DATA SHOWN:
++++

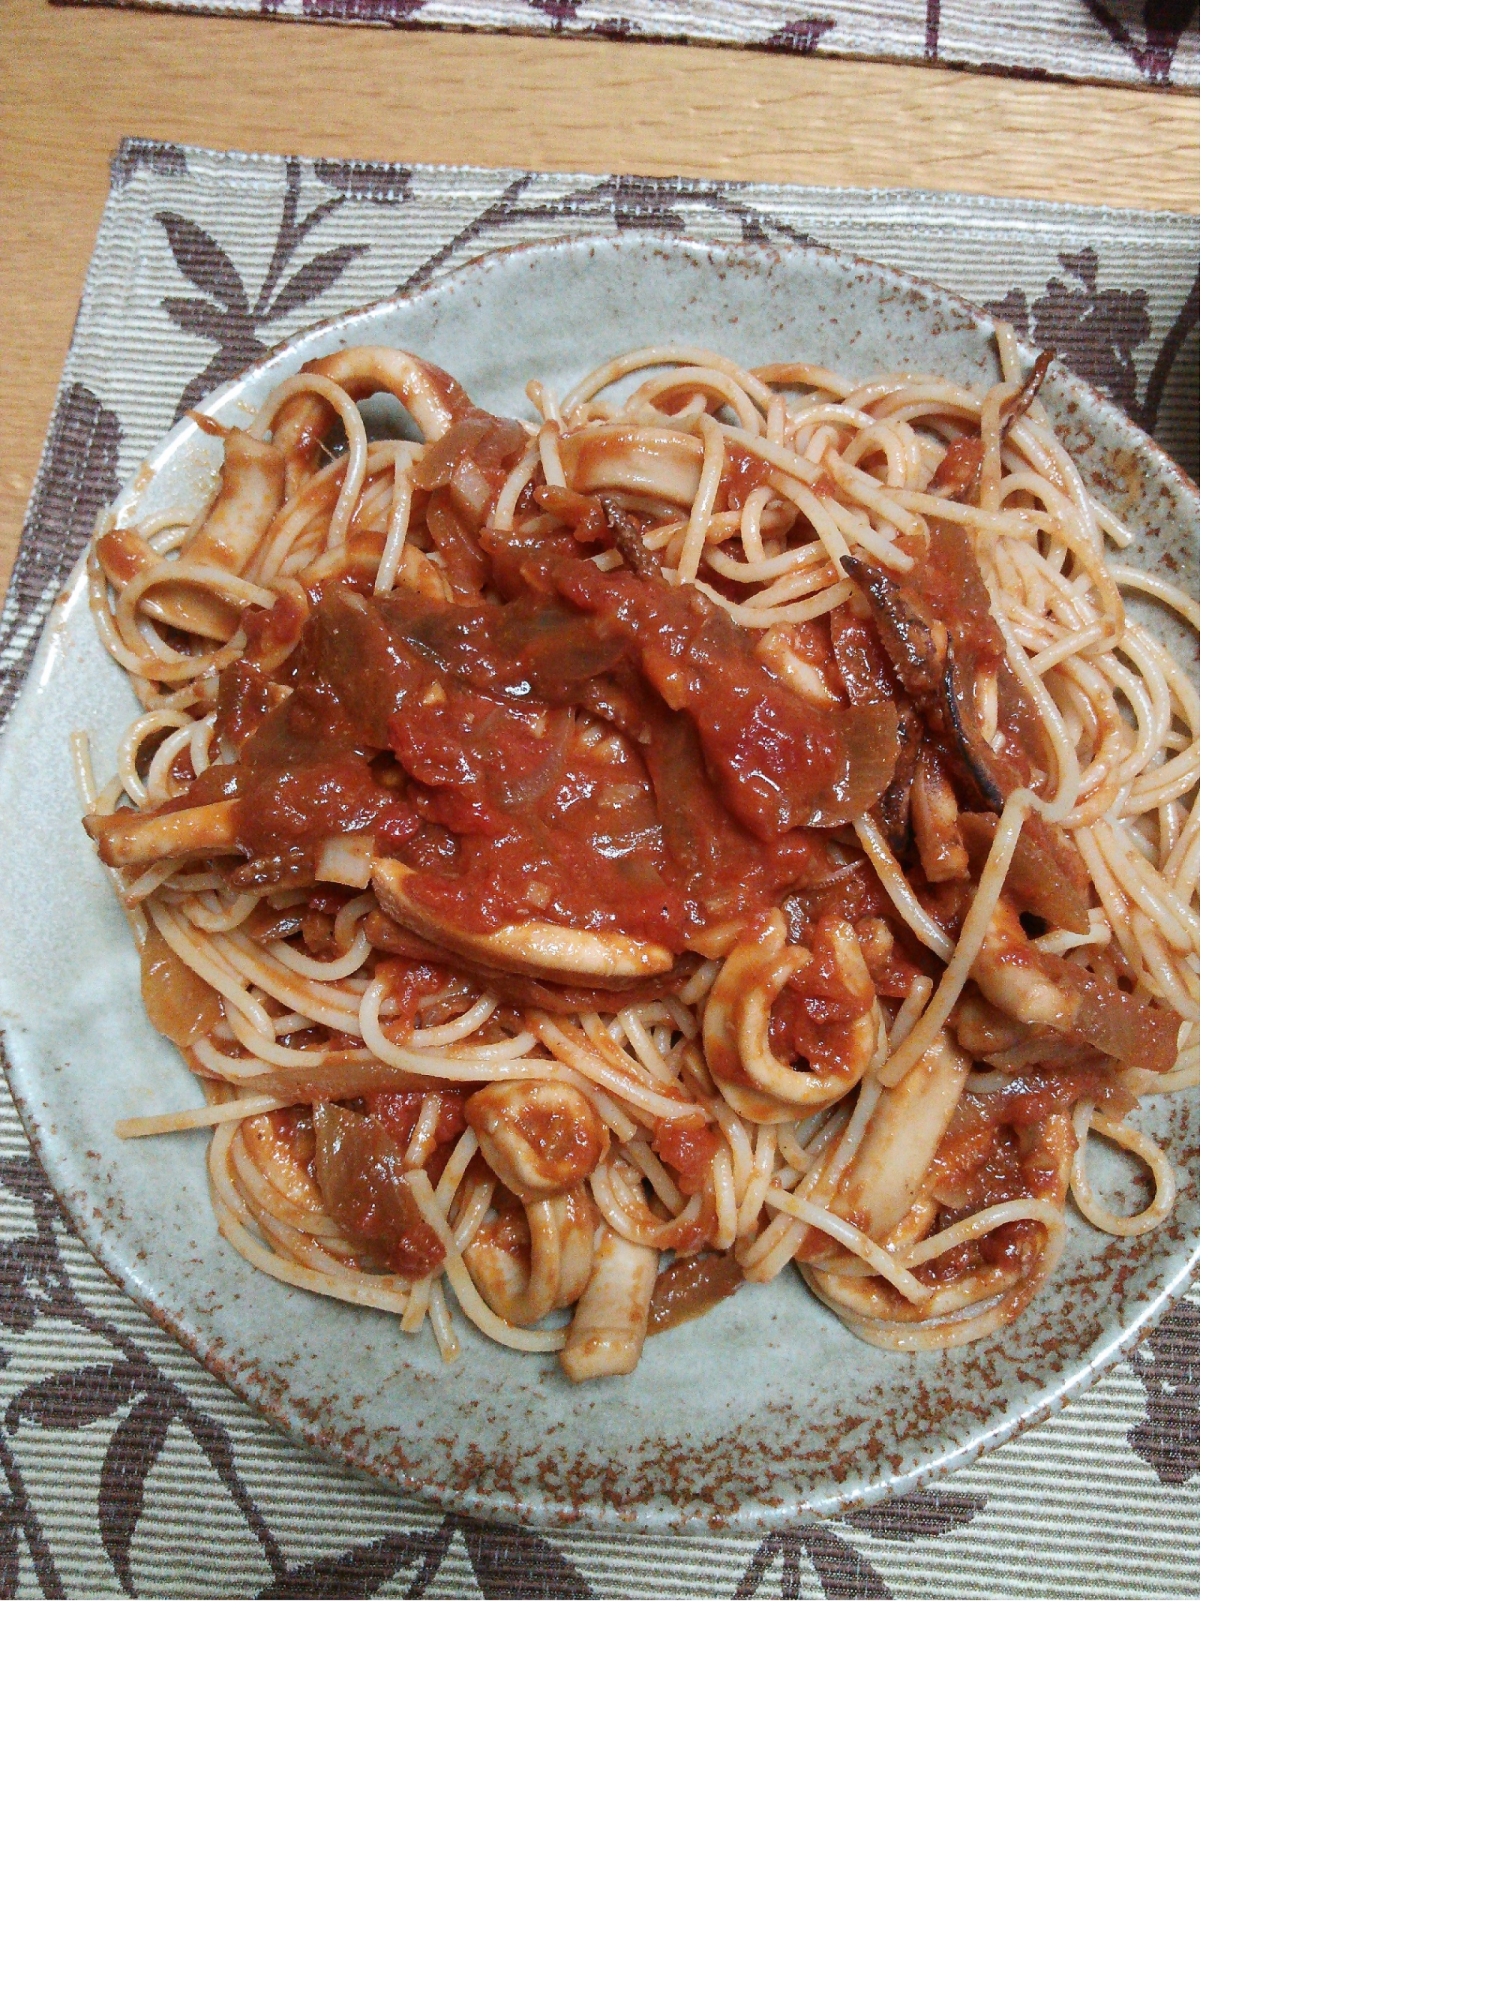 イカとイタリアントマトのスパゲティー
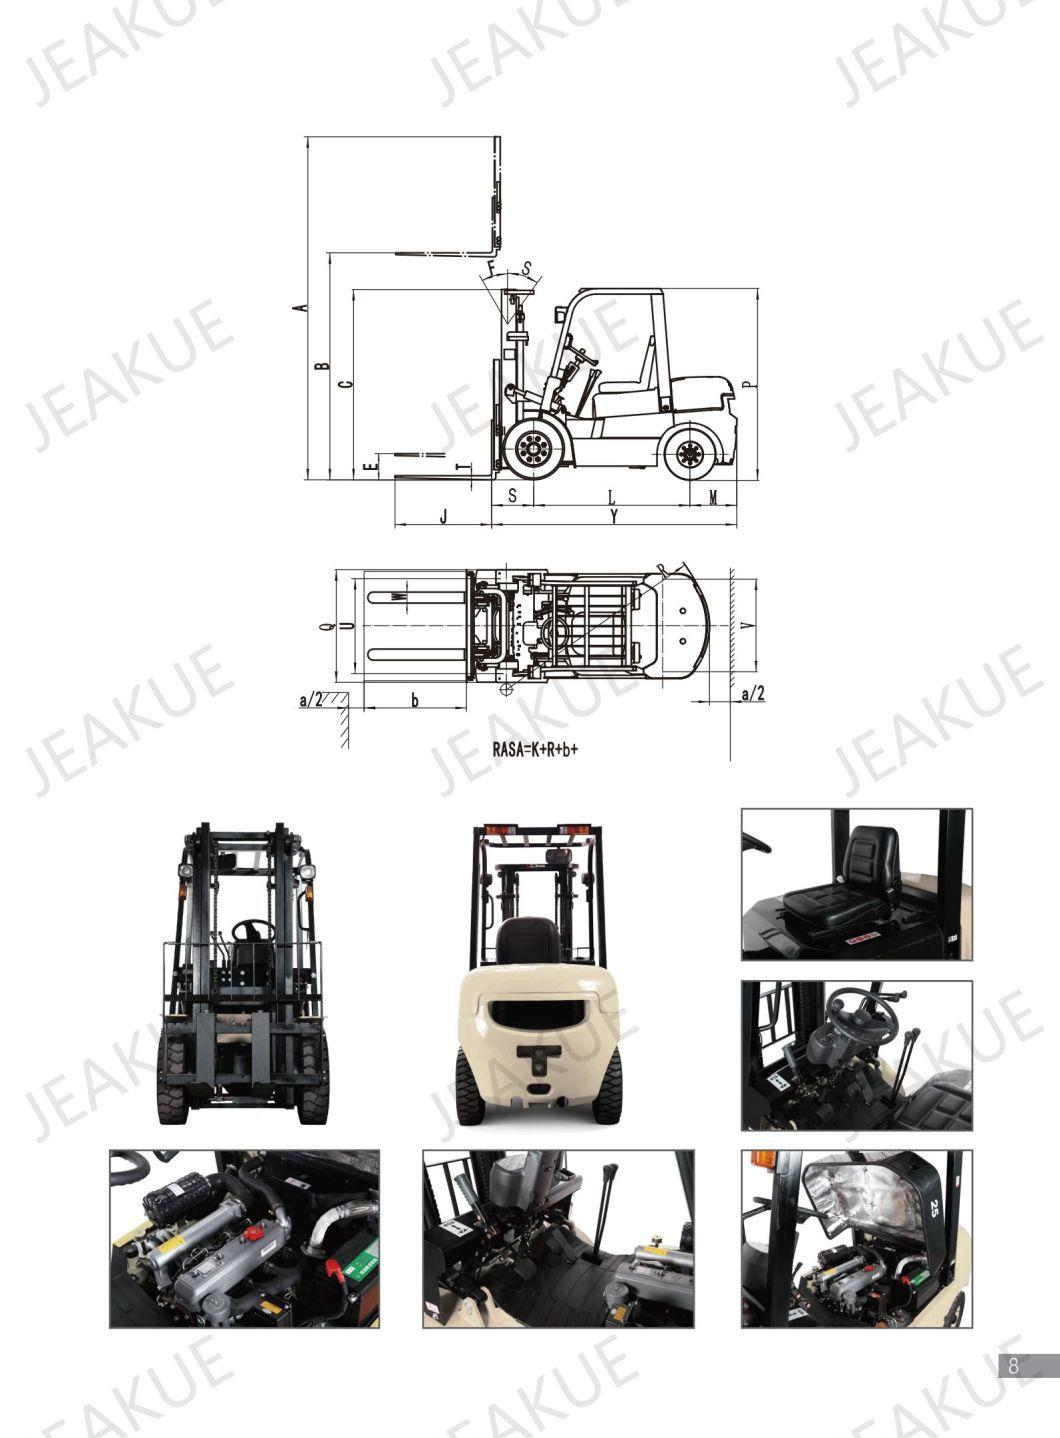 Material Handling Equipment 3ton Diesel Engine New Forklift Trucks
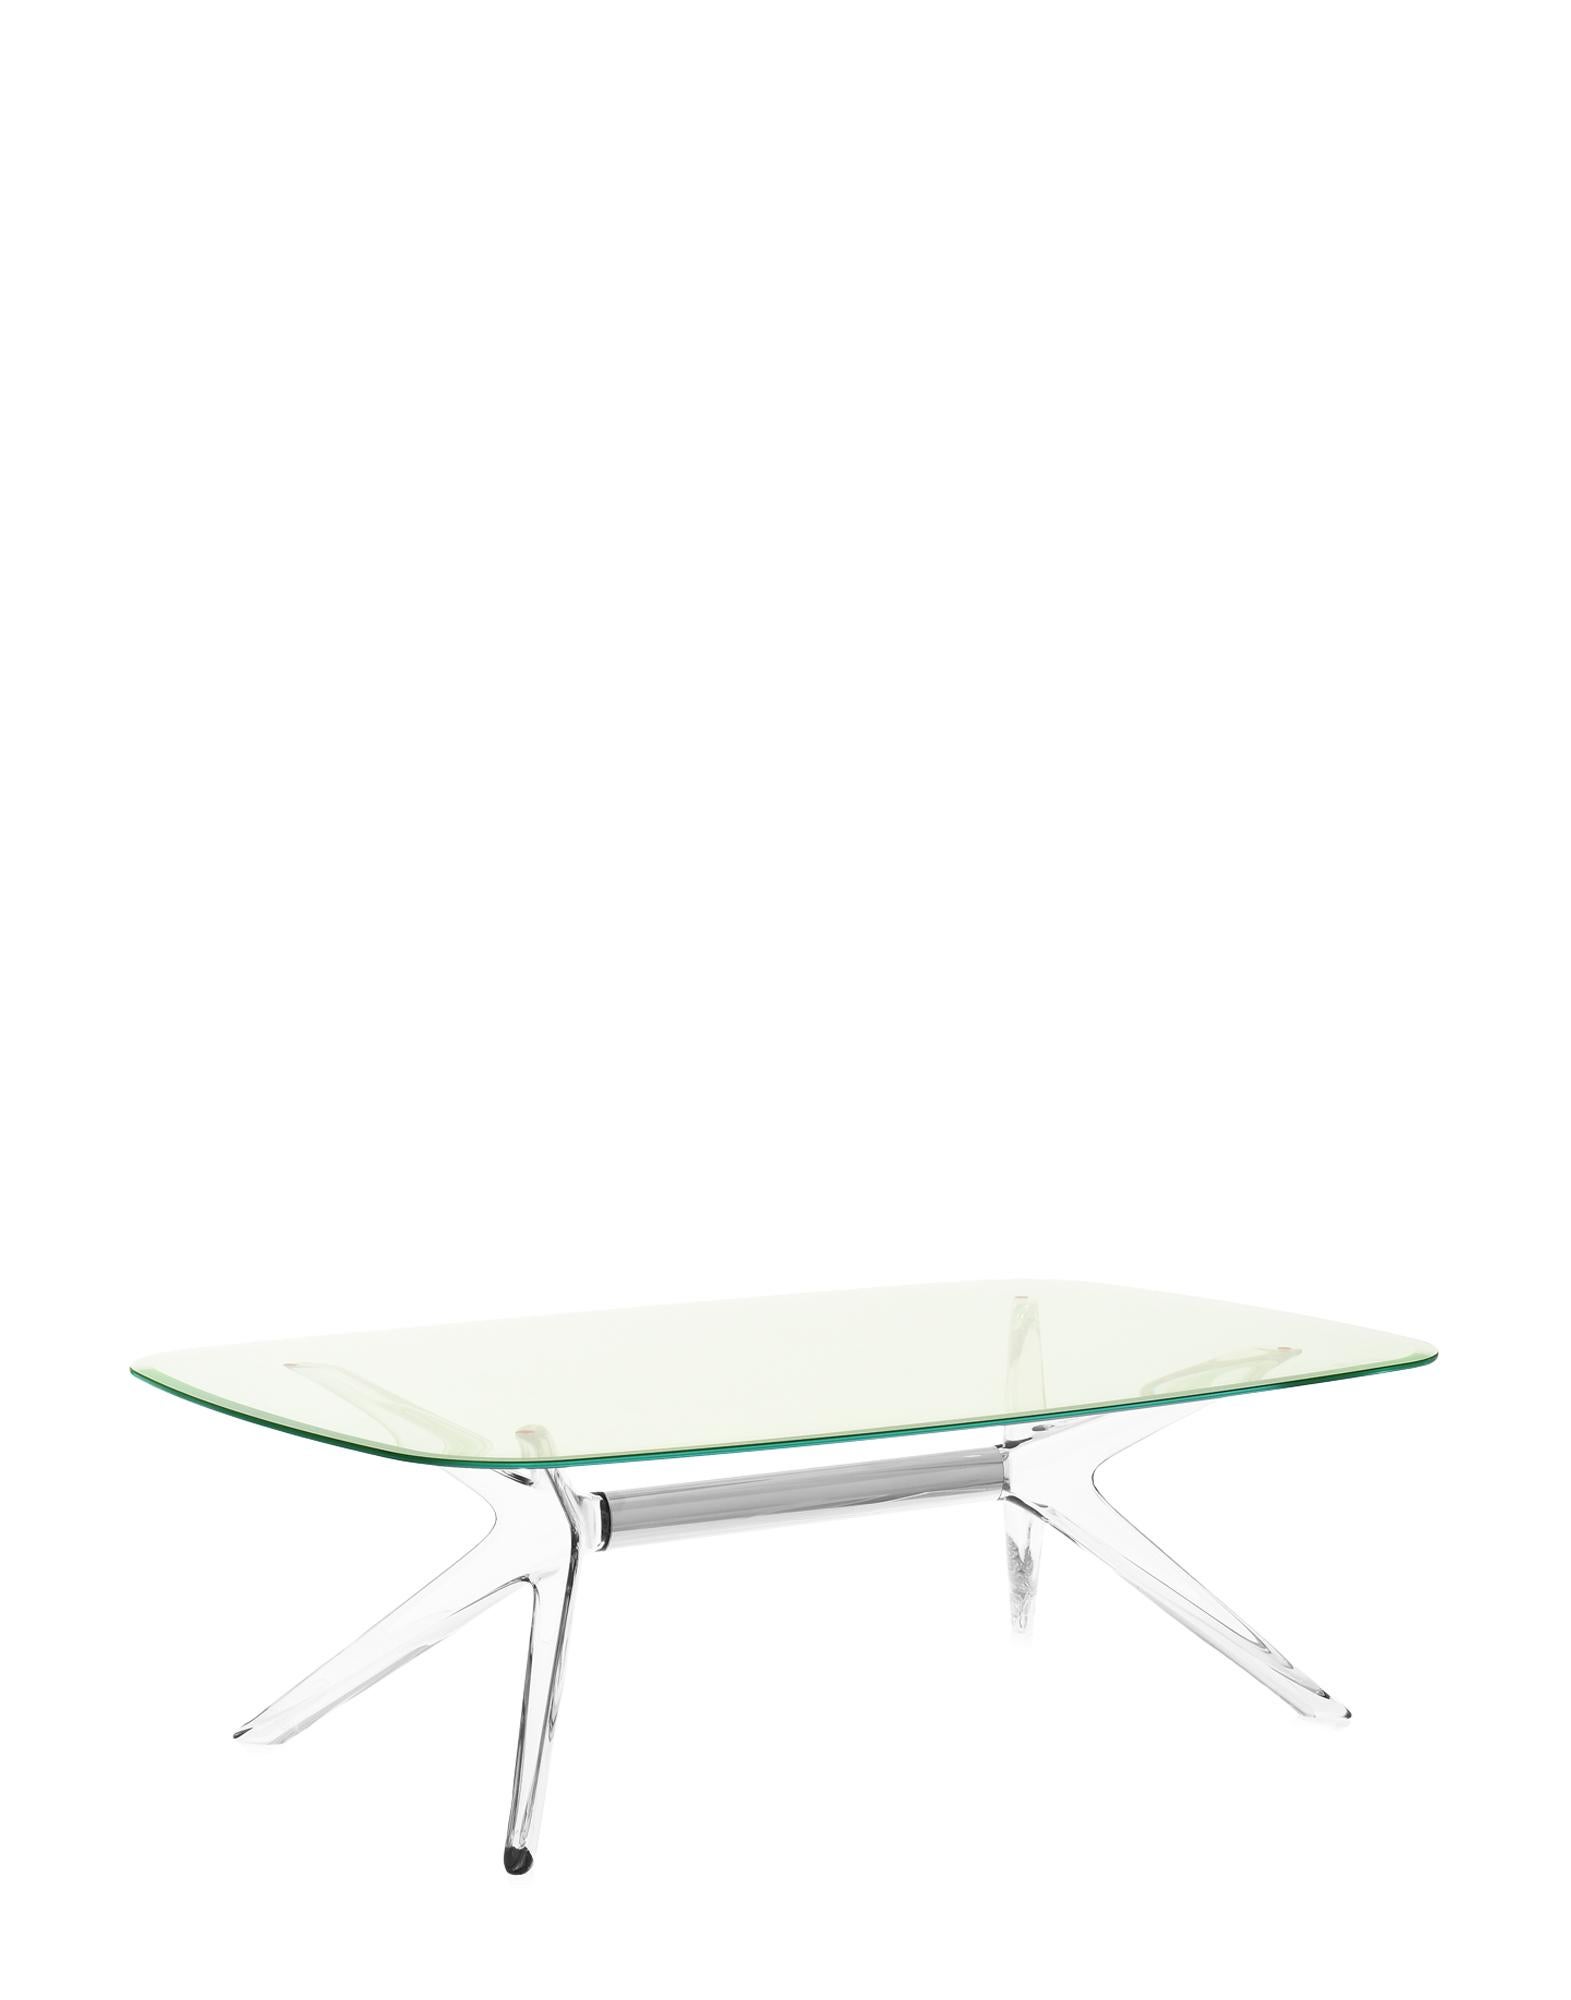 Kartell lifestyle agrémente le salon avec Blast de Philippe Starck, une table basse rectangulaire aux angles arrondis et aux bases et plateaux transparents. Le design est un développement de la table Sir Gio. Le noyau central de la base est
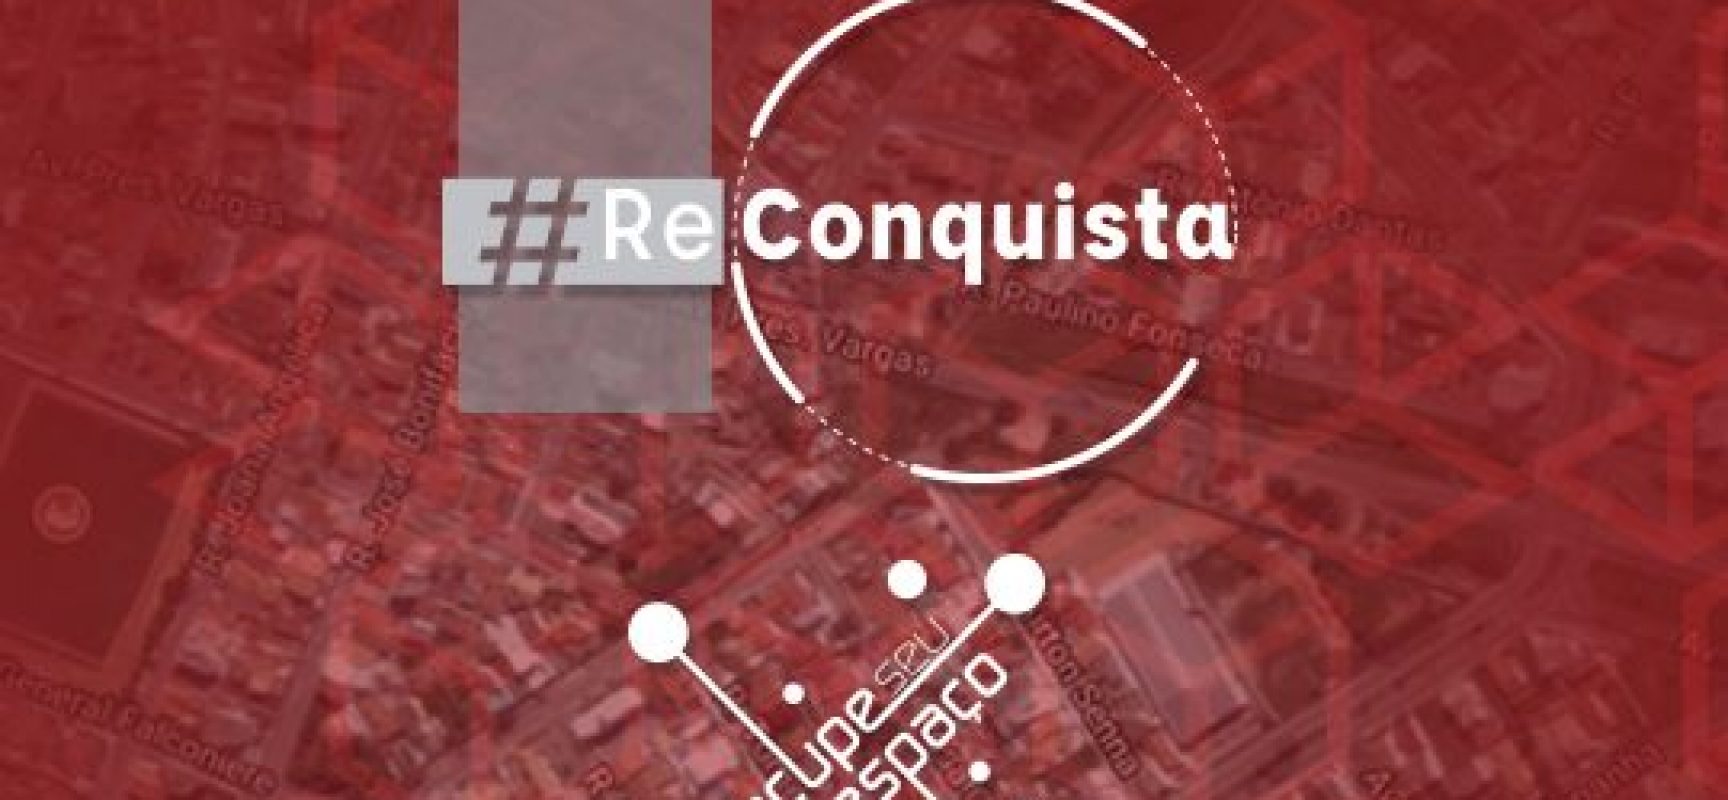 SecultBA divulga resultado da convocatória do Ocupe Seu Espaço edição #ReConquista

++++

WORK INSTRUCTION:
Every line from the one with "Kartell lifestyle agrémente" through the last line of the material gets printed exactly, and nothing more. Omit the pictures.

RESULT OF THIS TASK:
 Kartell lifestyle agrémente le salon avec Blast de Philippe Starck, une table basse rectangulaire aux angles arrondis et aux bases et plateaux transparents. Le design est un développement de la table Sir Gio. Le noyau central de la base est
 SecultBA divulga resultado da convocatória do Ocupe Seu Espaço edição #ReConquista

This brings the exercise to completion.